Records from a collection

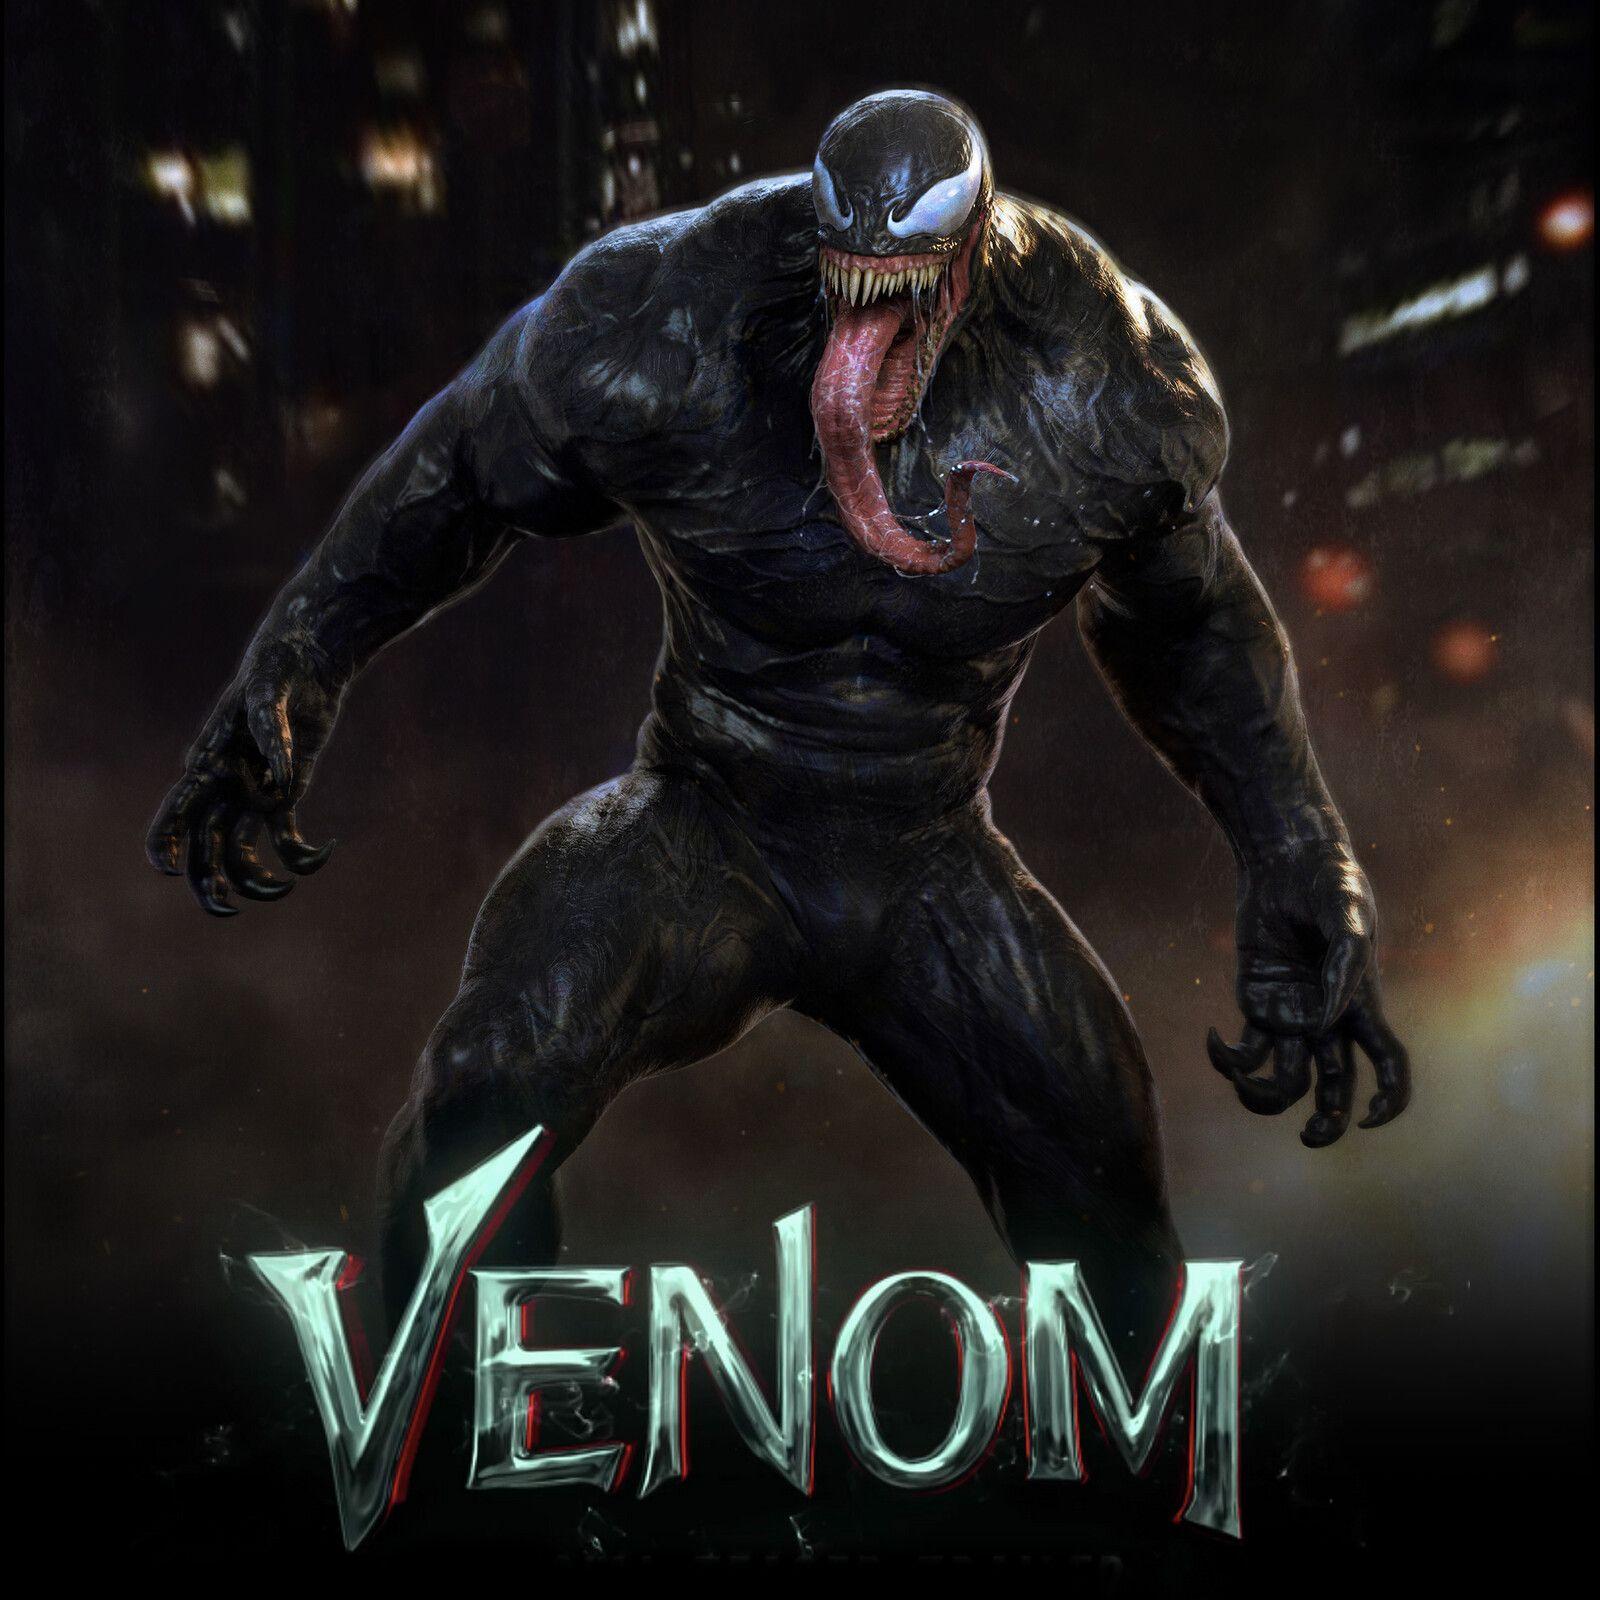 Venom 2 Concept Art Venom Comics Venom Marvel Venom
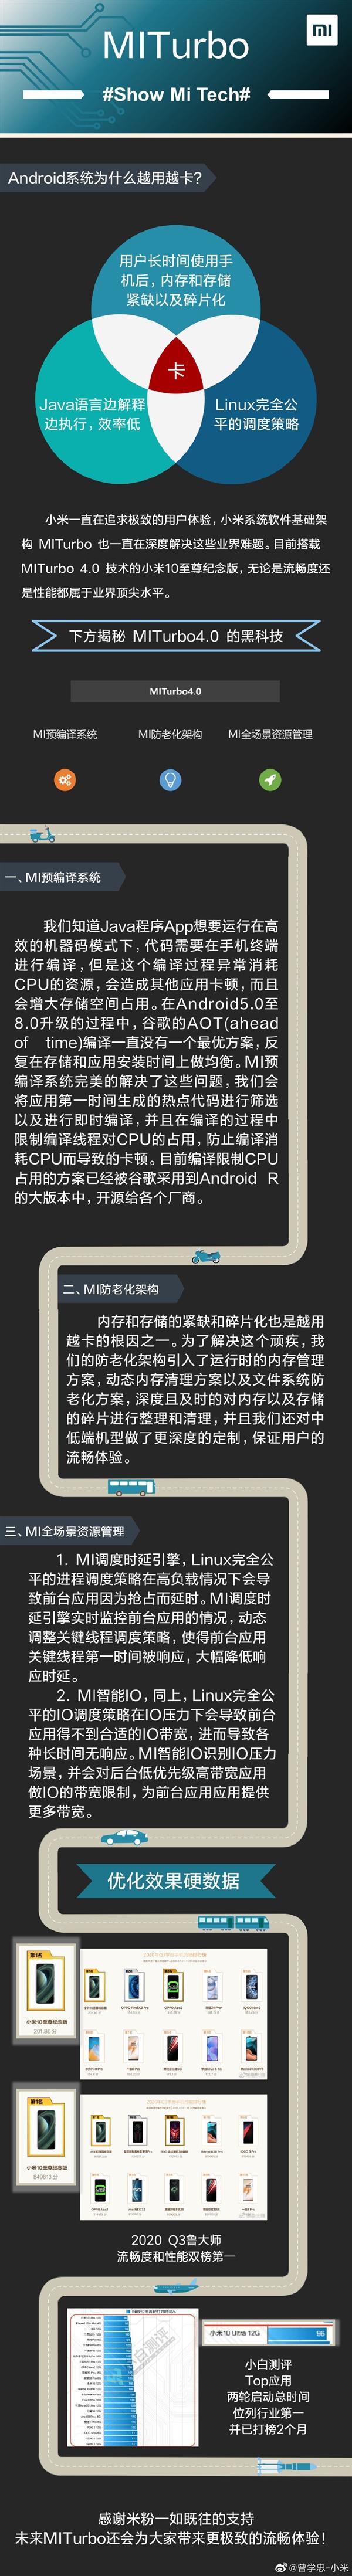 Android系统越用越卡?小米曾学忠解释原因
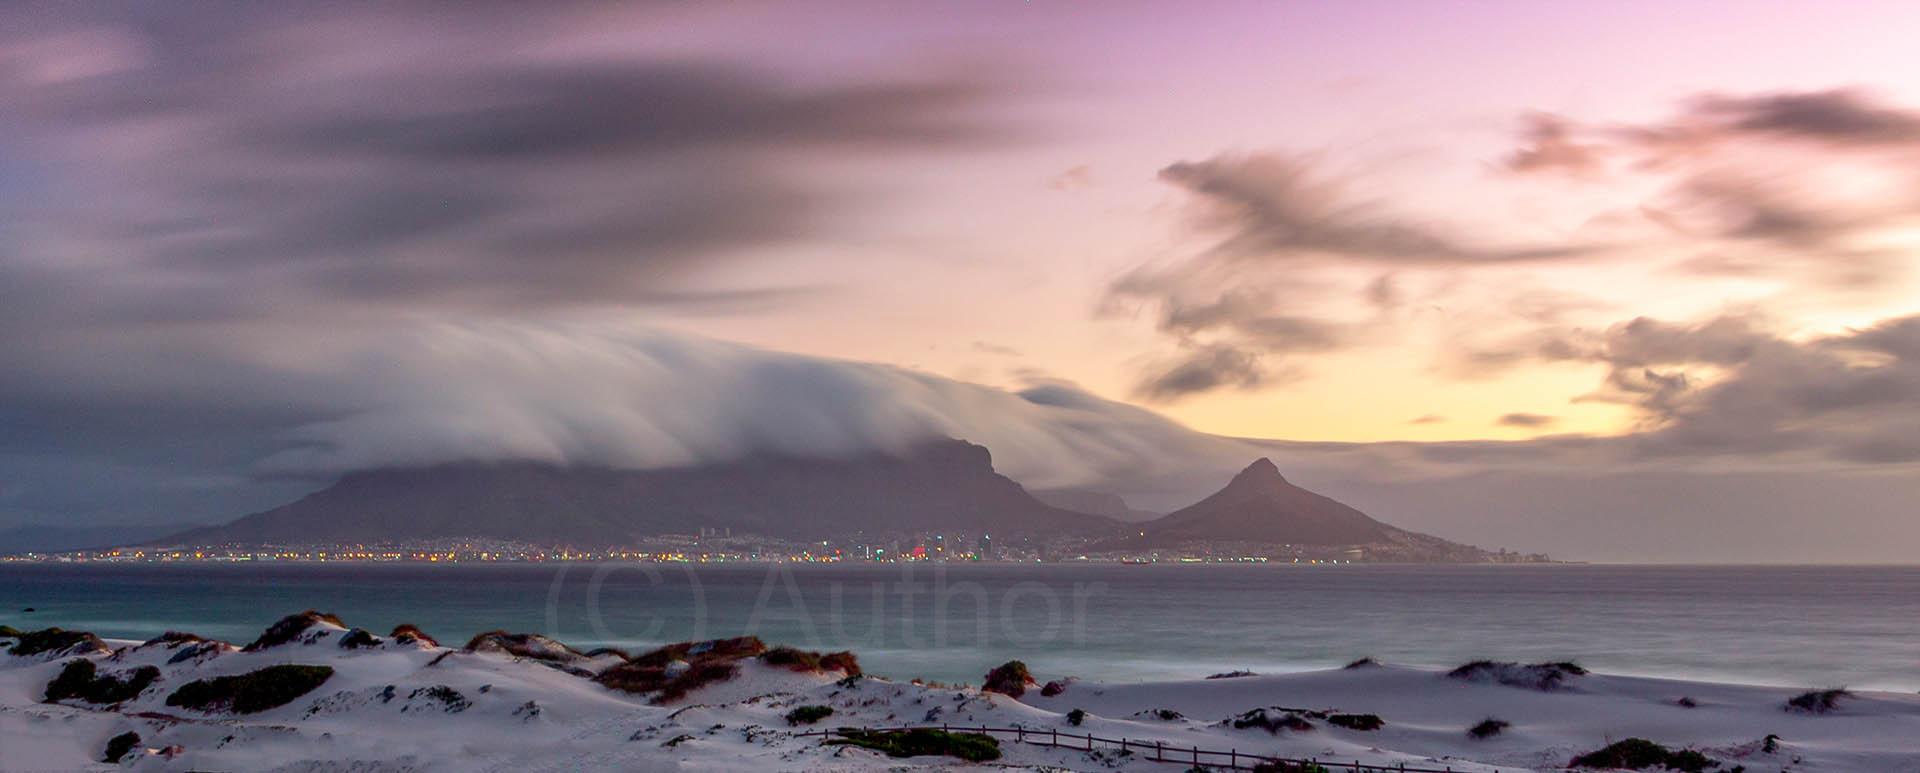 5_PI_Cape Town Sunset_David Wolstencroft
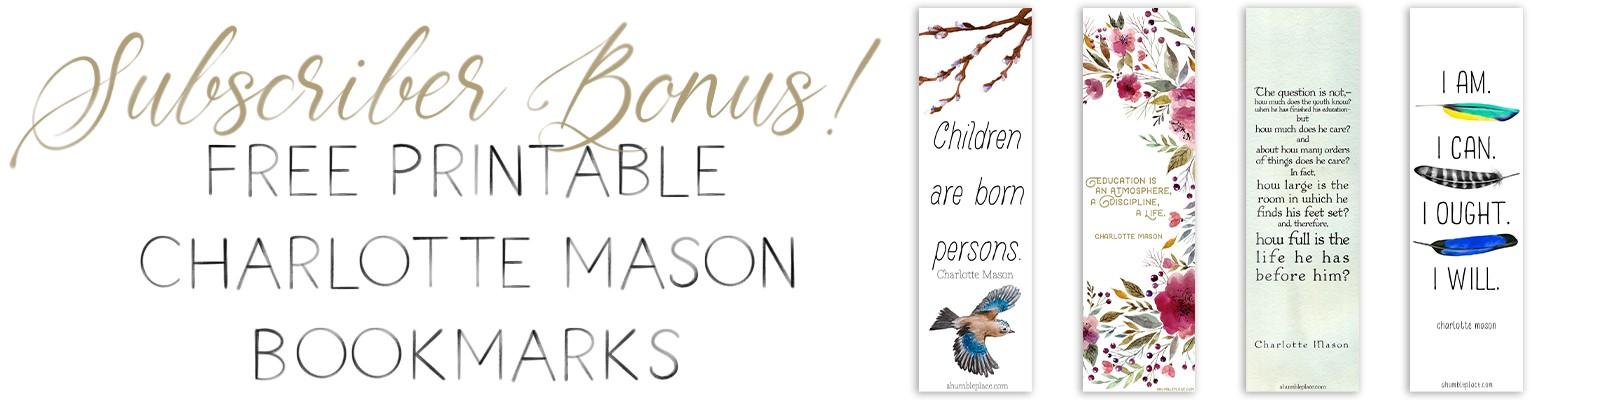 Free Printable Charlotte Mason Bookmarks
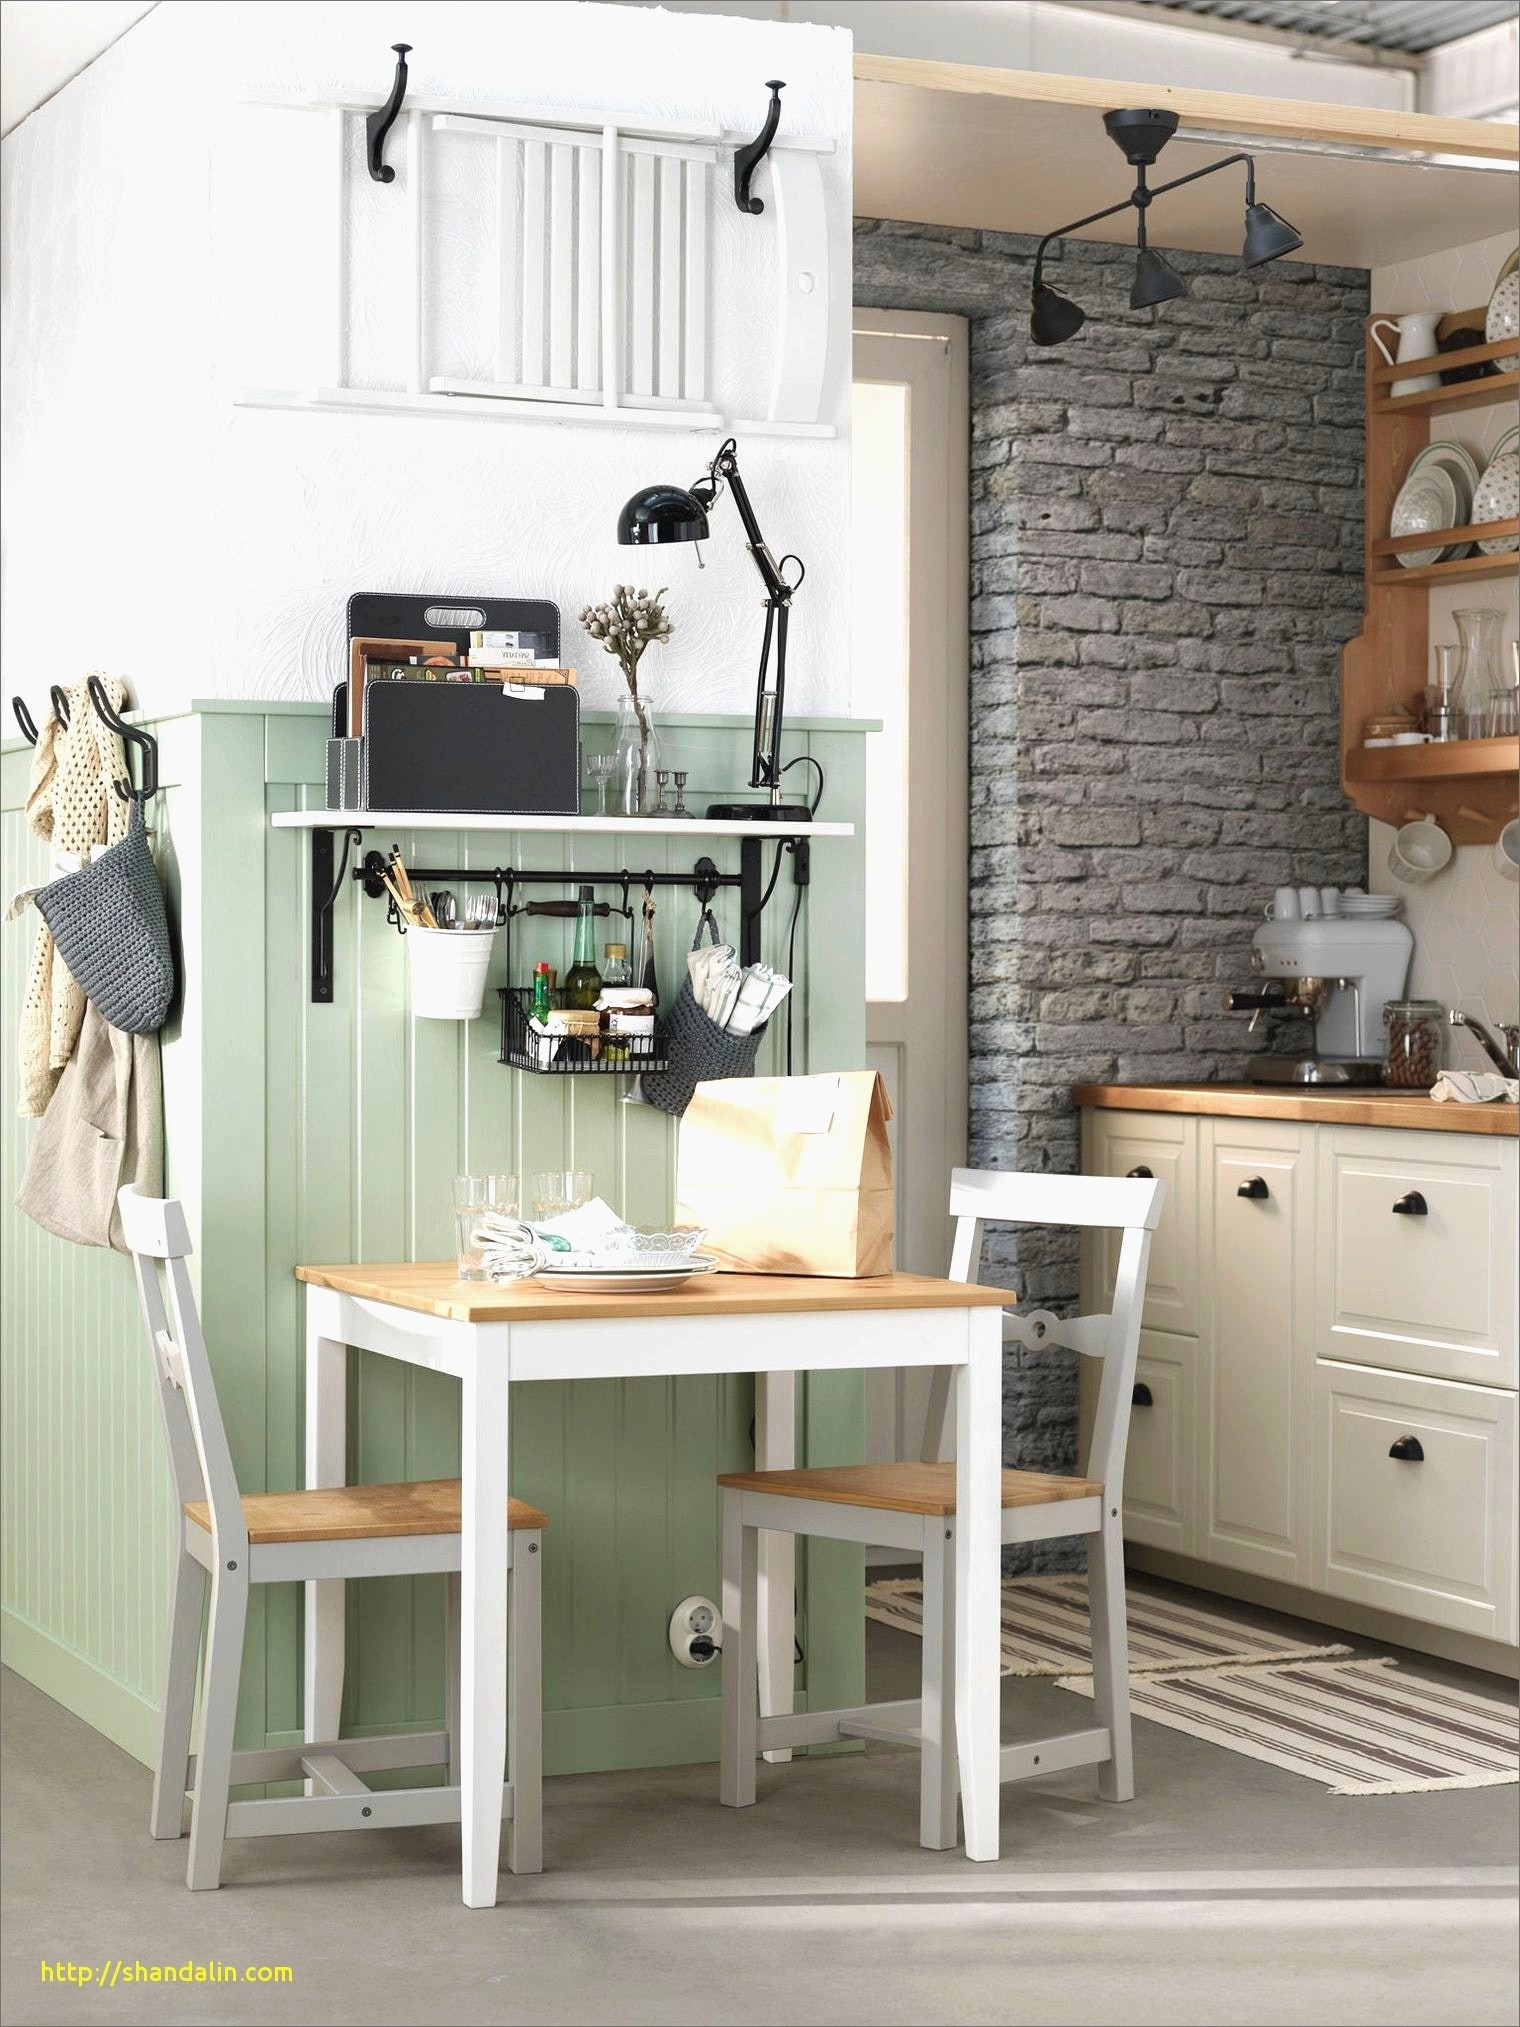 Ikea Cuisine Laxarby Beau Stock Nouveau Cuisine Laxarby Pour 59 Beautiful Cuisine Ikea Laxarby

* Exercise objective *
Give the records back verbatim, pictures excluded.

* Task answer *
 Venom 2 Concept Art Venom Comics Venom Marvel Venom
 Android系统越用越卡?小米曾学忠解释原因
 5_PI_Cape Town Sunset_David Wolstencroft
 Free Printable Charlotte Mason Bookmarks
 Ikea Cuisine Laxarby Beau Stock Nouveau Cuisine Laxarby Pour 59 Beautiful Cuisine Ikea Laxarby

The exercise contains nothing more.